Segment Start: The data

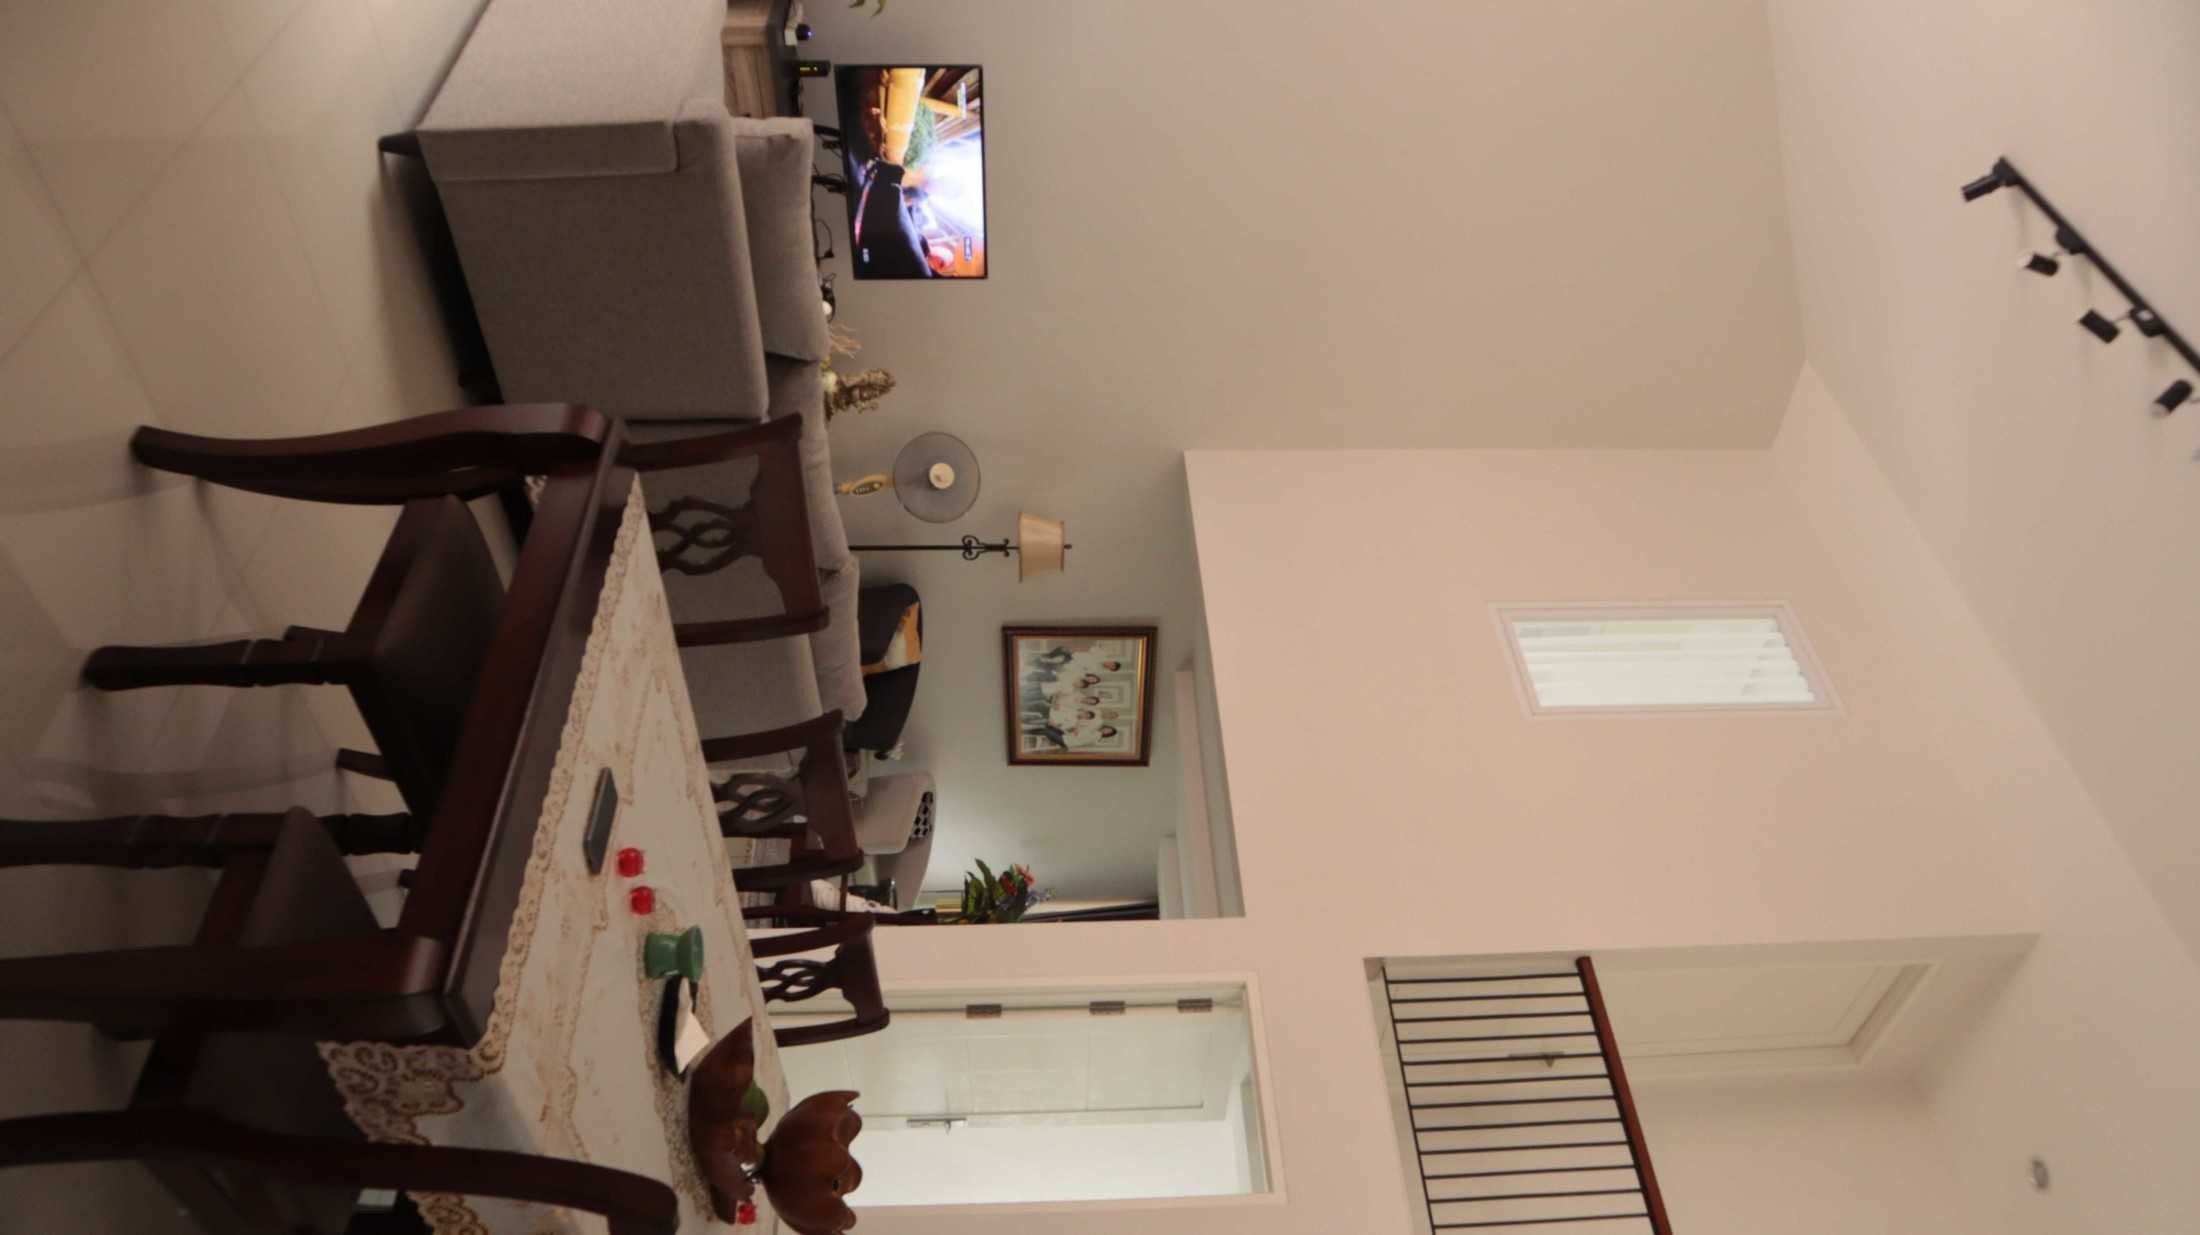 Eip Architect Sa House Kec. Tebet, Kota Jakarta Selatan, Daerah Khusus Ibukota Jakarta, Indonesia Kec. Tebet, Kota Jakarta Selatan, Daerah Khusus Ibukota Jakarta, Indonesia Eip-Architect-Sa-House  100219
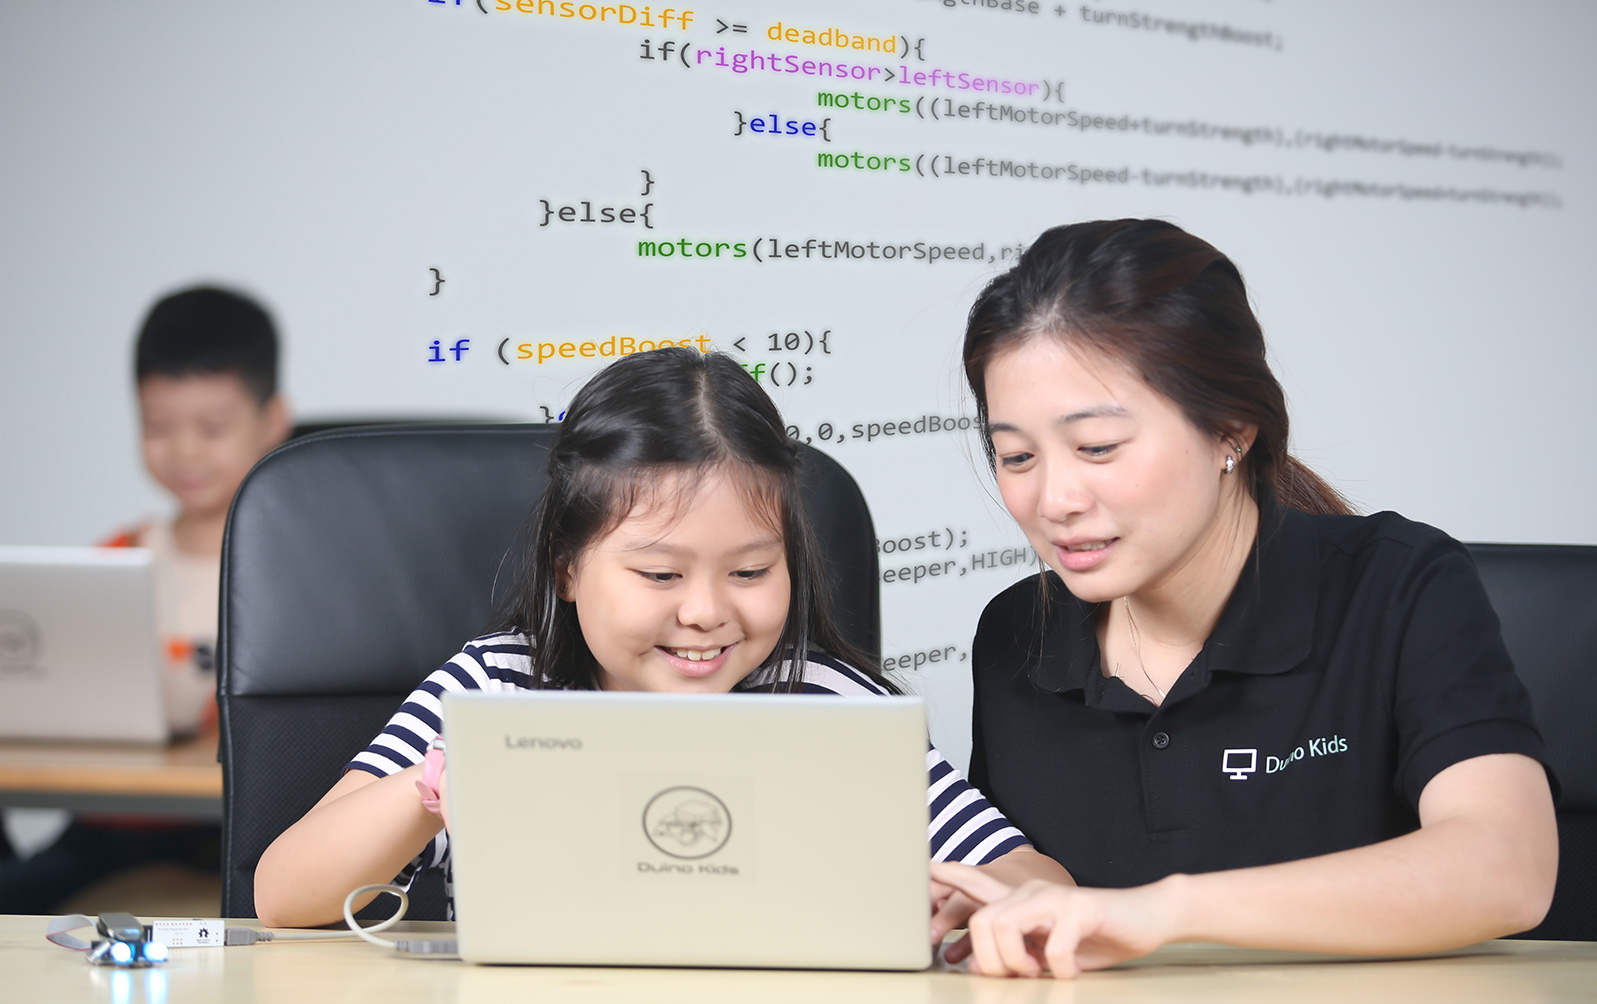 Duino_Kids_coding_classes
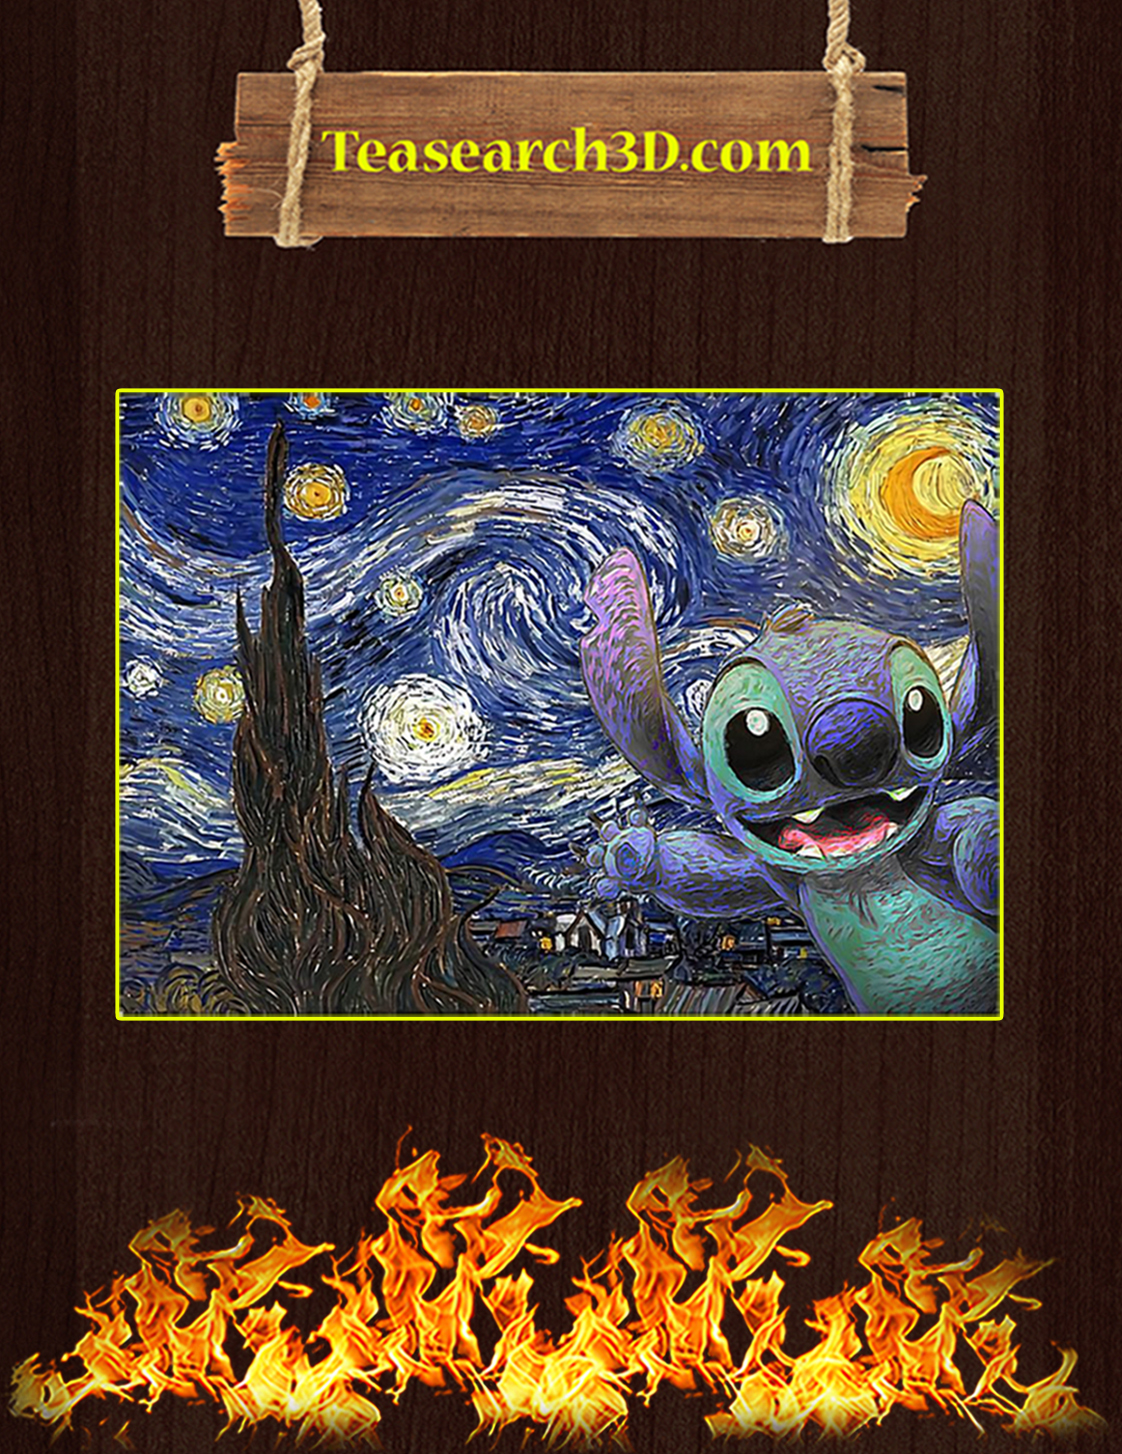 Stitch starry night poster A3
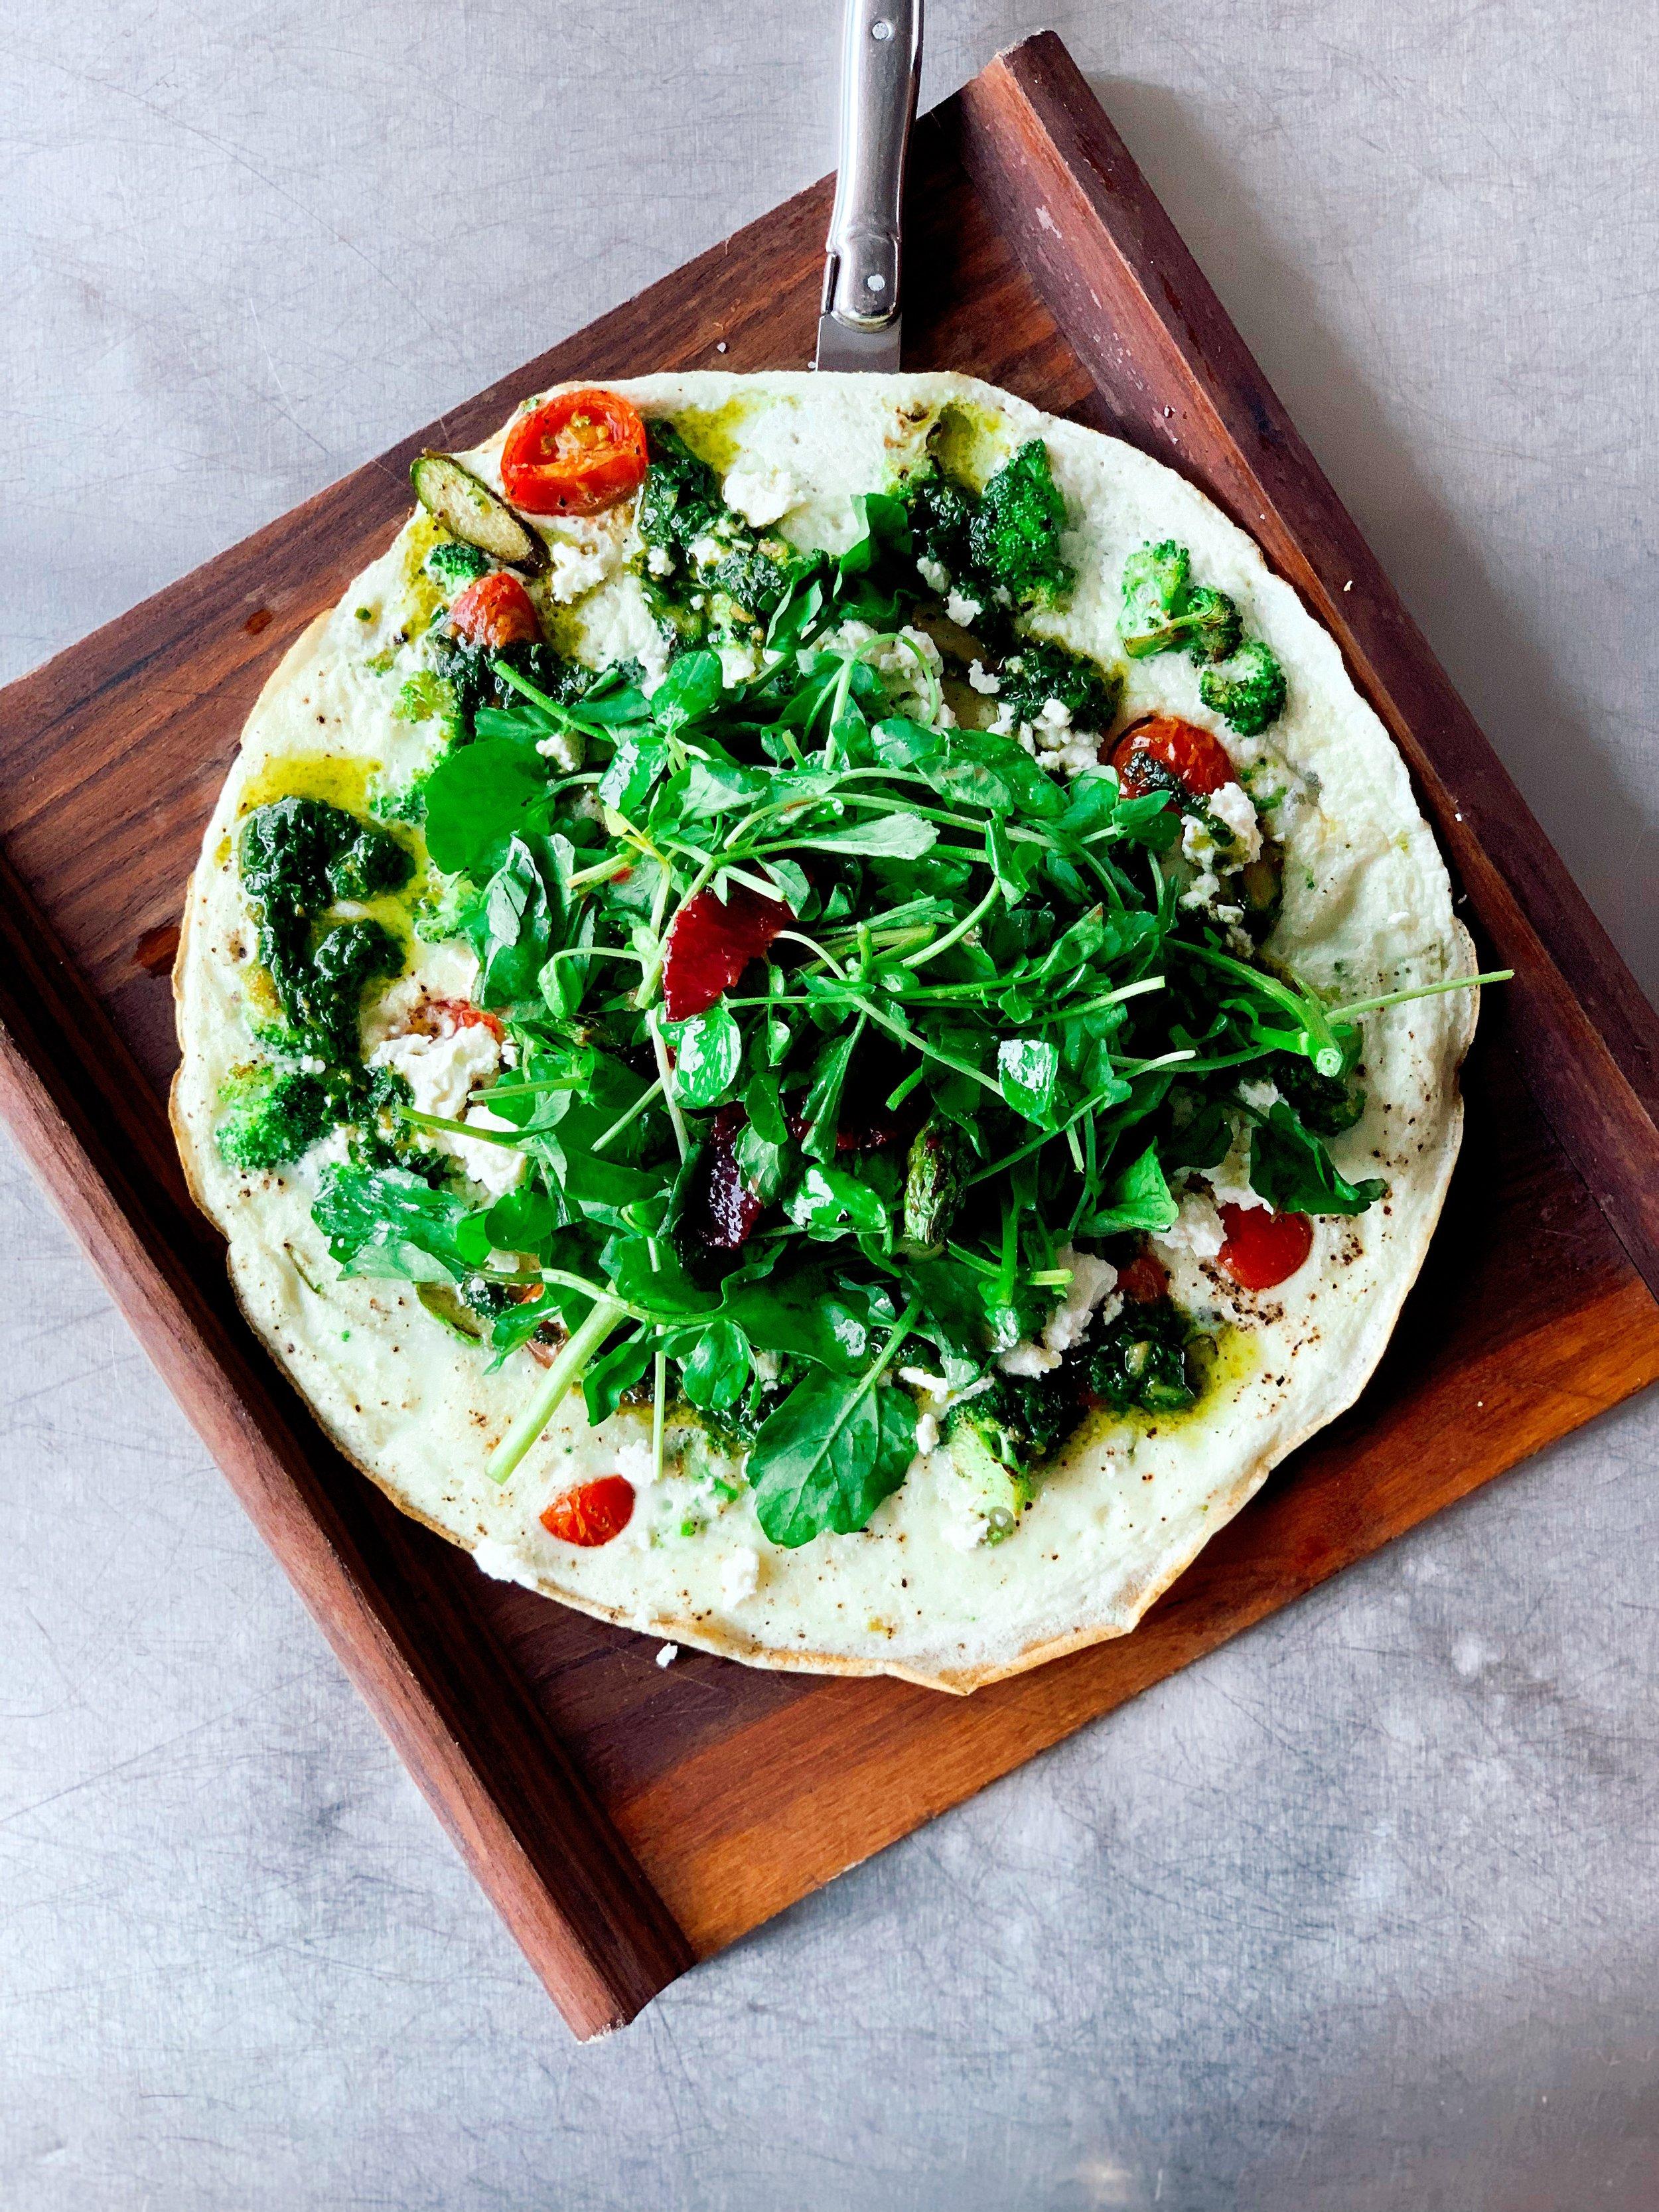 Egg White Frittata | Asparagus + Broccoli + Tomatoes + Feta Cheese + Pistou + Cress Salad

Segment End: The data

## What needs to be done
Apart from the images, print all the material above exactly as given.

## Written response
 Eip Architect Sa House Kec. Tebet, Kota Jakarta Selatan, Daerah Khusus Ibukota Jakarta, Indonesia Kec. Tebet, Kota Jakarta Selatan, Daerah Khusus Ibukota Jakarta, Indonesia Eip-Architect-Sa-House  100219
 Duino_Kids_coding_classes
 Stitch starry night poster A3
 Egg White Frittata | Asparagus + Broccoli + Tomatoes + Feta Cheese + Pistou + Cress Salad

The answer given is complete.